I was four but I turned four hundred maybe,
Encountering the ancient dampish feel
Of a clay floor. Maybe four thousand even.

Anyhow, there it was. Milk poured for cats
In a rank puddle-place, splash-darkeend mould
Around the terracotta water-crock.

Ground of being. Body's deep obedience
To all its shifting tenses. A half-door
Opening directly into starlight.

Out of that earth house I inherited
A stack of singular, cold memory-weights
To load me, hand and foot, in the scale of things.


---

xli

Sand-bed, they said.

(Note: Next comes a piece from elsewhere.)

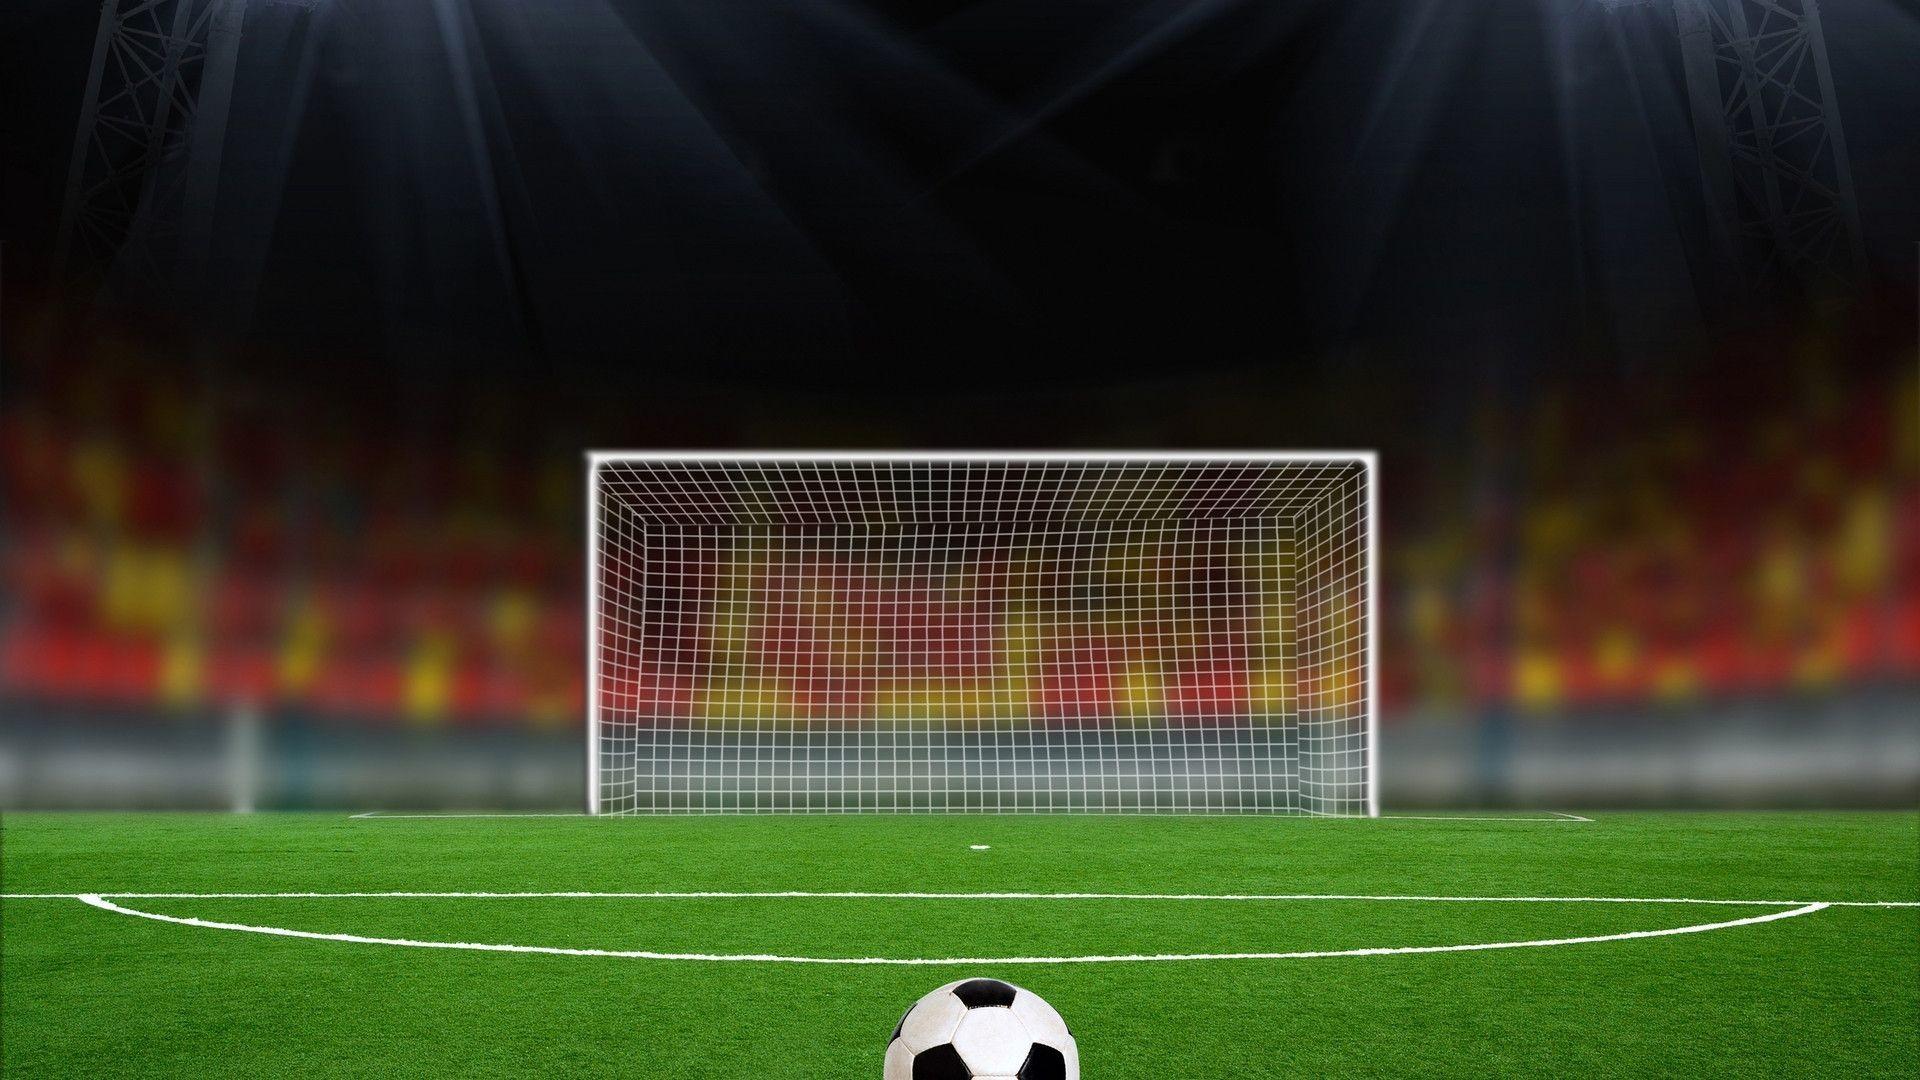 soccer goal wallpaper, wallpapers soccer players

And gravel-bed. Before
I knew river shallows or river pleasures
I knew the ore of longing in those words.

The places I go back to have not failed
But will not last. Waist-deep in cow-parsley,
I re-enter the swim, riding or quelling

The very currents memory is composed of,
Everything accumulated ever
As I took squarings from the tops of bridges

Or the banks of self at evening.
Lick of fear. Sweet transience. Flirt and splash.
Crumpled flow the sky-dipped willows trailed in.

---

xlvi

Mountain air from the mountain up behind;
Out front, the end-of-summer, stone-walled fields;
And in a slated house the fiddle going

Like a flat stone skimmed at sunset
Or the irrevocable slipstram of flat earth
Still fleeing behind space.

Was music once a proof of God's existence?
As long as it admits things beyond measure,
That supposition stands.

So let the ear attend like a farmhouse window
In placid light, where the extravagant
Passed once under full sail into the longed-for.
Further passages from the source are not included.